Additionally, there is the question of whether user expectations are set correctly, a sub-problem of RQ3. Broadly, users in this study had expectations that were more closely aligned with the capabilities of central DP, i.e. they had lower expectations, however, the alignment was weak, i.e. users did not have expectations of DP that aligned with either model.
The Framework
To address this contradiction, the authors developed a novel framework for understanding the impact of descriptions. Essentially, a description affects certain expectations, and users have certain concerns, and the more the concerns and the expectations overlap, the more the user’s behavior will change. This resolves the contradiction by noticing that not all users cared about all risks, and no description raised expectations related to all risks. Therefore, it is totally likely that a given user would not have their concerns placated by the description they were given.
Preliminary Reviews
RevRec | RevExp | OveMer | RevInt | WriQua | EthCon | |
---|---|---|---|---|---|---|
Review #4A | 4/6 | 2/4 | 3/5 | 3/3 | 3/5 | 2 |
Review #4B | 4/6 | 2/4 | 3/5 | 1/3 | 3/5 | 2 |
Review #4C | 3/6 | 2/4 | 3/5 | 2/3 | 4/5 | 2 |
Discussion
The discussion this week was very scattered. The following points were brought up:
Demographics
There was a lot of concern about the demographics of the users studied. Notably, there was no speculation in the paper as to how demographics could have affected the results. The authors cite that Mechanical Turk is representative of a certain subset of Americans, but non-American opinions and view are absolutely essential to this topic, since many of the companies deploying implementations of DP are global. Furthermore, residents of different countries have different values and expectations related to privacy.

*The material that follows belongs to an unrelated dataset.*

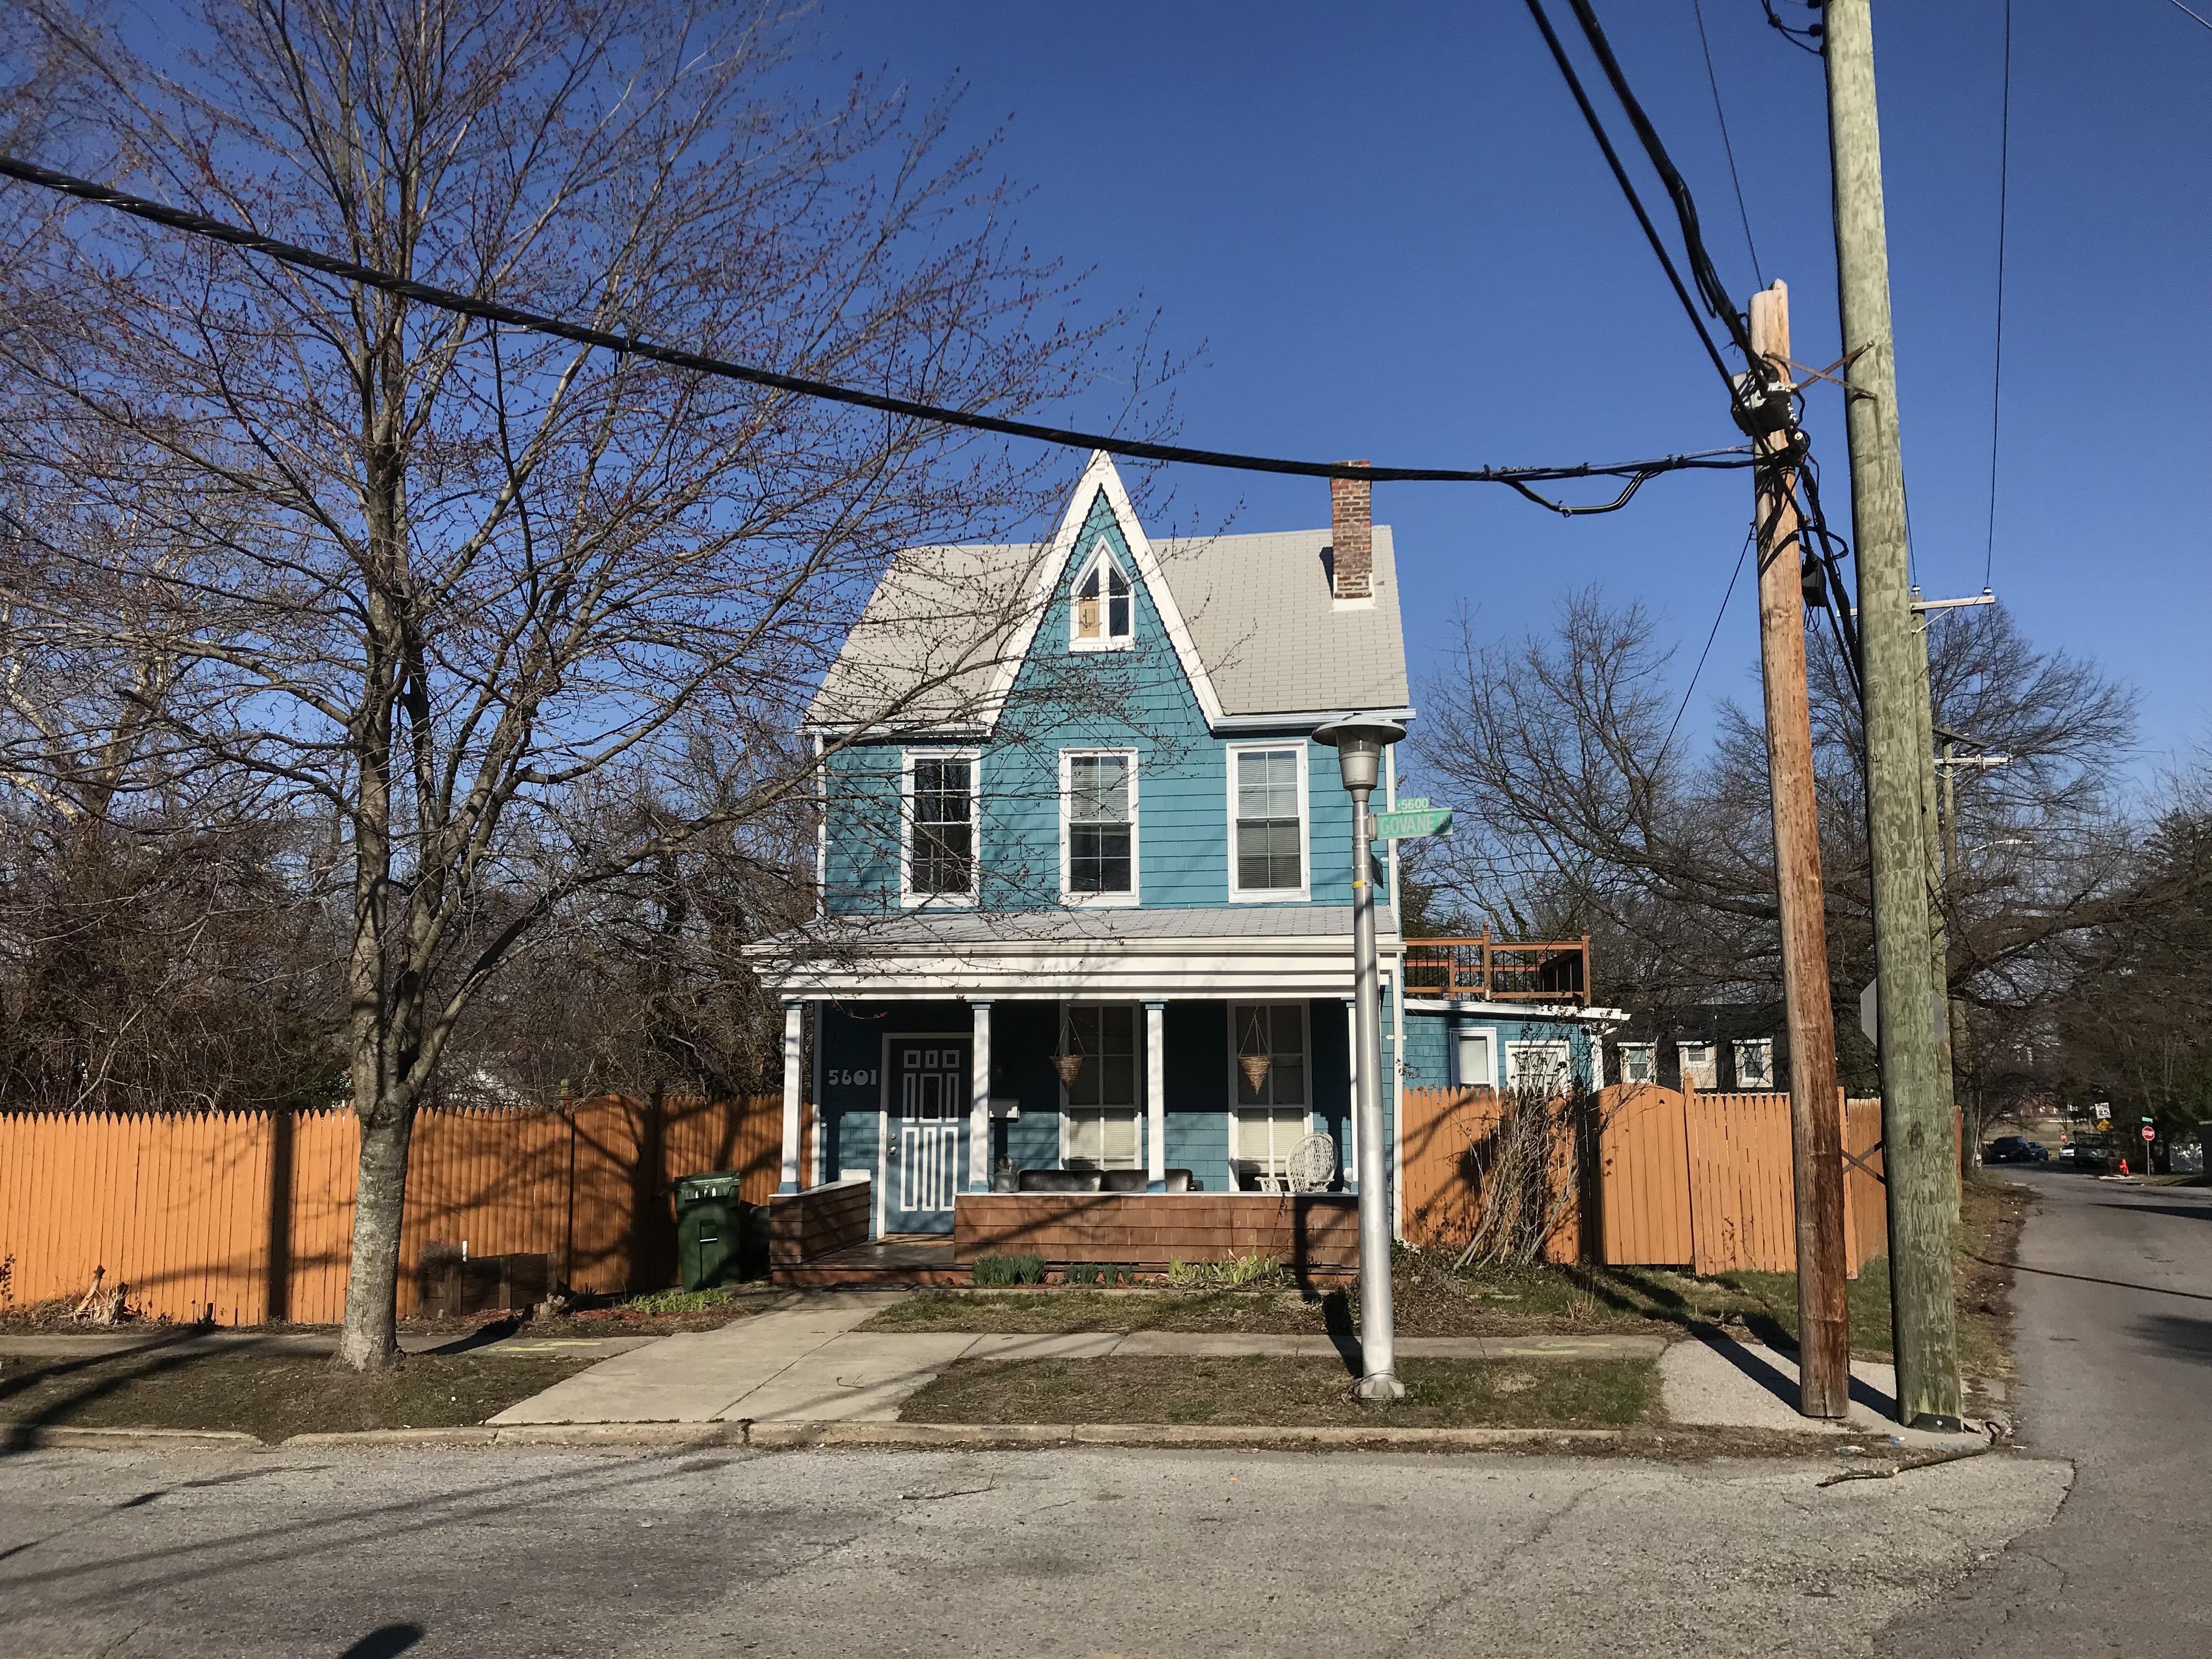 House, 5601 Govane Avenue, Baltimore, MD 21212, Sky, Tree, Road, Maryland, HQ Photo

Generalization of DP Frameworks
The split between local and central DP isn’t as clear cut as the paper makes it out to seem. For example, Uber is named as a user of central DP, but in the paper’s introduction, the capability added by its DP (protecting users from data analysts) is typically considered to be a feature of local DP. Should there be a third category highlighting this nuance?
Weakness of the Framework
The “novel framework” presented toward the end of the paper seems insufficiently interesting to count as a scientific contribution. However, we understand that the point of science is to produce a canonical record of measured fact, subjective as it may be in the case of human studies research, and noting and writing it down for posterity does have a use.
Accessibility
It was noted that the use of colors to represent distinct entities in figure 3 was inaccessible to colorblind people.
Perspective
Finally, we noted that this paper could not have been written a decade ago, when DP was new, even though nothing technical this paper relies on is newer than that. Back then, DP was just a bunch of math, but today there are actual implementations of DP in the wild that have informed our cultural understanding of what it means for information to be protected.